Description:
Finally, we reached the last step of the procedure, the most important one, because here we can see if there are any errors in the previous steps, what went wrong and if the method used could be improved.
The goal of this step is to approximate the volume with voxels (tiny cubes) and then generate a mesh out of this cloud of voxels. For this we used an in-house program that does the volume carving and the volume editing and then a free software, the Visualization Toolkit in order to do the marching cubes.
Code:
We did not write any code at this point.
Different smoothing factors and isosurface values were tried. Here are three of the results, at a resolution of 256x256x256:
Comments:
That was the most interesting part of the project. Here I found out that the calibration is not perfect, the data is not perfect, the alignment is not perfect, so, that is why the final version looks how it looks.

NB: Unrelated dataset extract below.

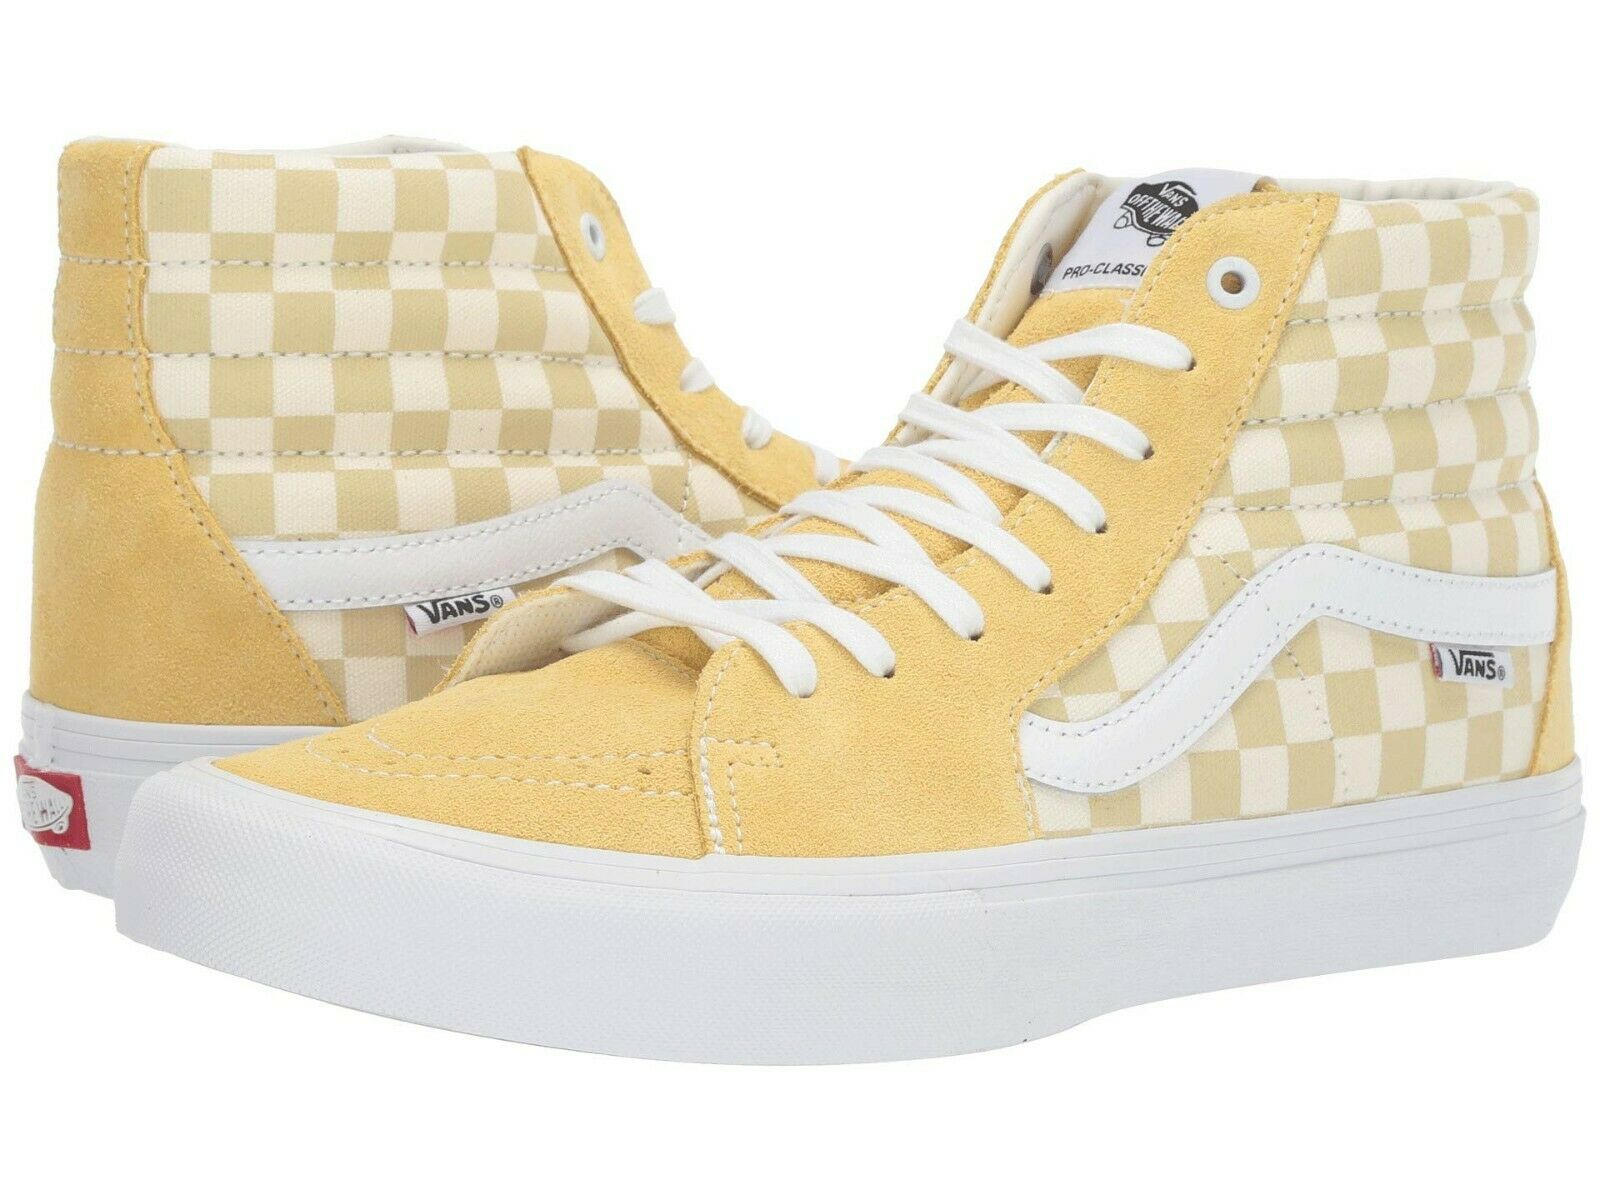 Vans SK8 Hi Pro Checkerboard Pale Banana/Marshmallow Men's Skate Shoes Size 13 - image 1 of 1
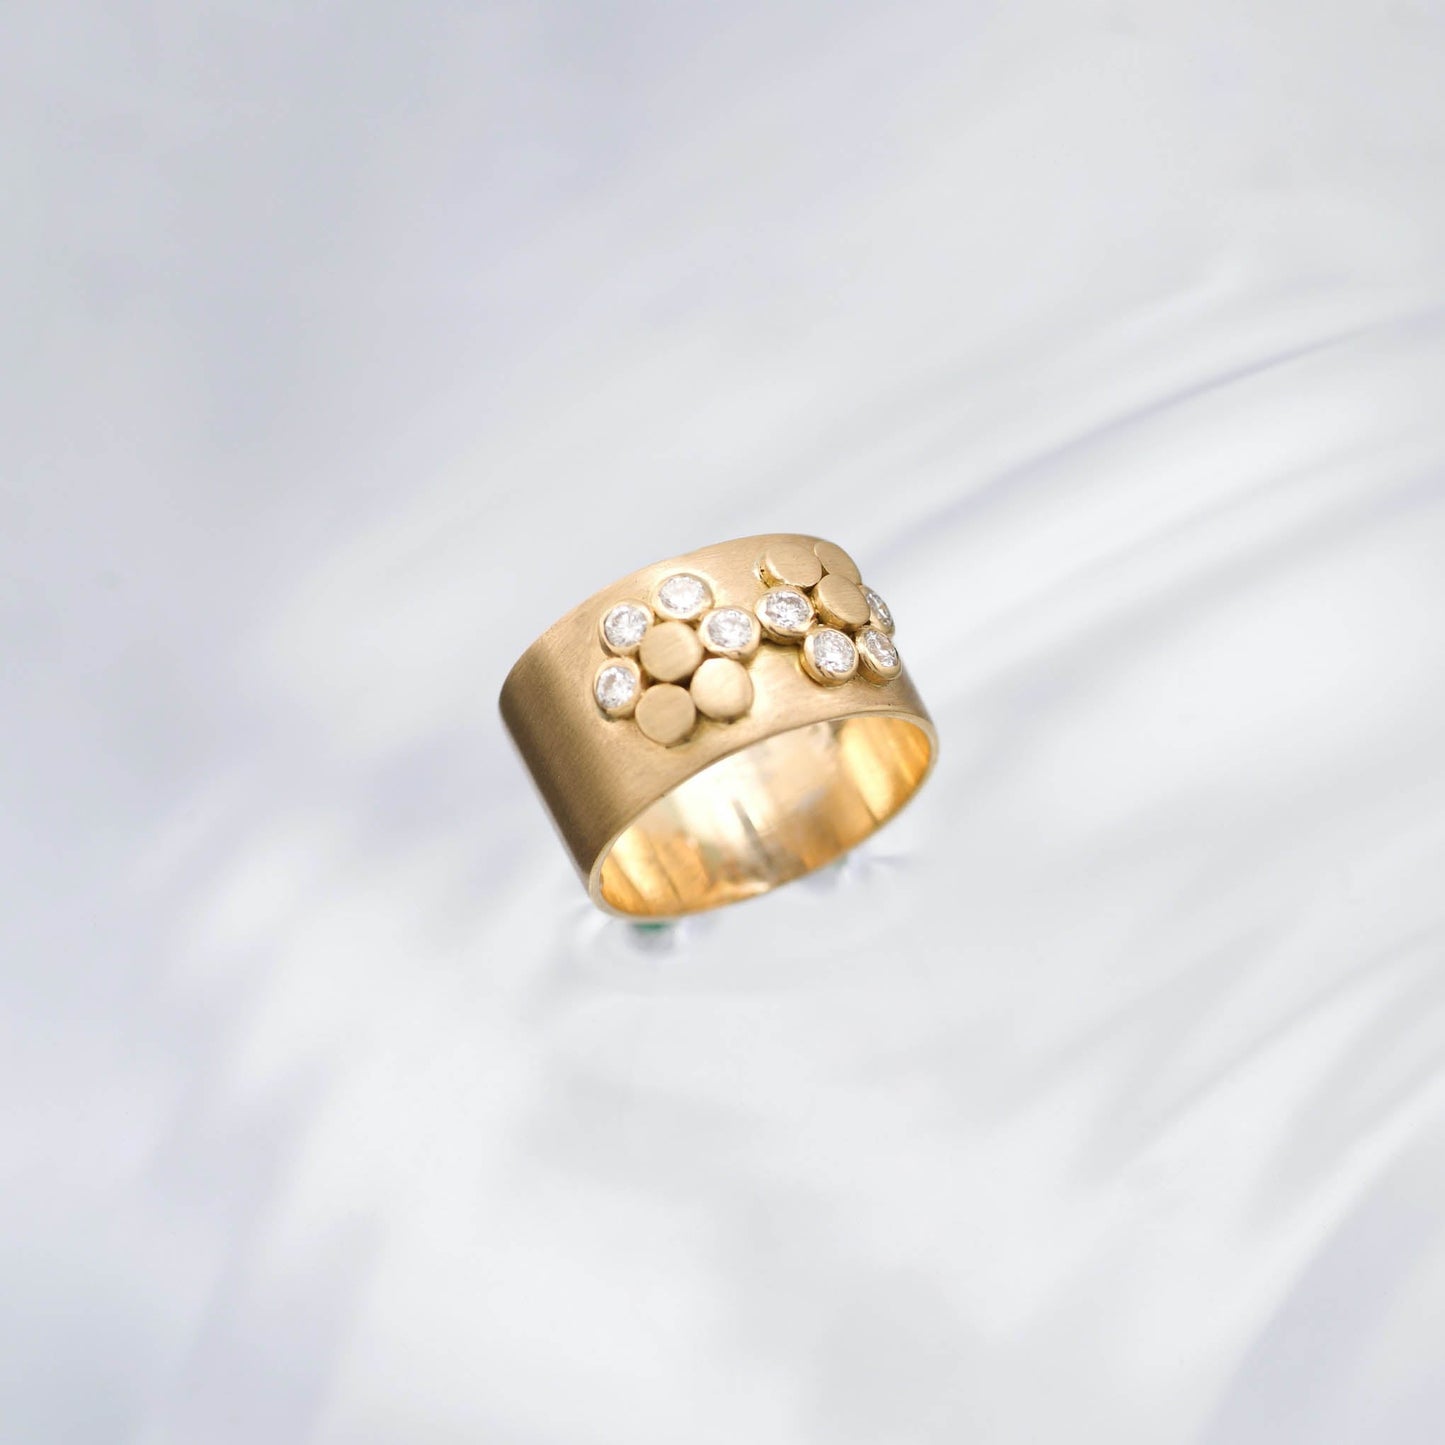 The Akshita Primulus Series Gold and Diamond Ring by Rasvihar

Anyway, that was done at a resolution of 256x256x256 voxels. I am sure that increasing the resolution to 1024x1024x1024 would give a lot better details. The only problem with that is the disk space and the processing time, which would be multiplied by a factor of 64 and if now we are using about 32Mb for the 256 resolution, the math speaks for the requirements of this high resolution.
We learnt that the method is very good, provided that high quality equipment is used to eliminate the errors, a lot of disk space is available and a lot of free time in order to carefully acquire the images and process them.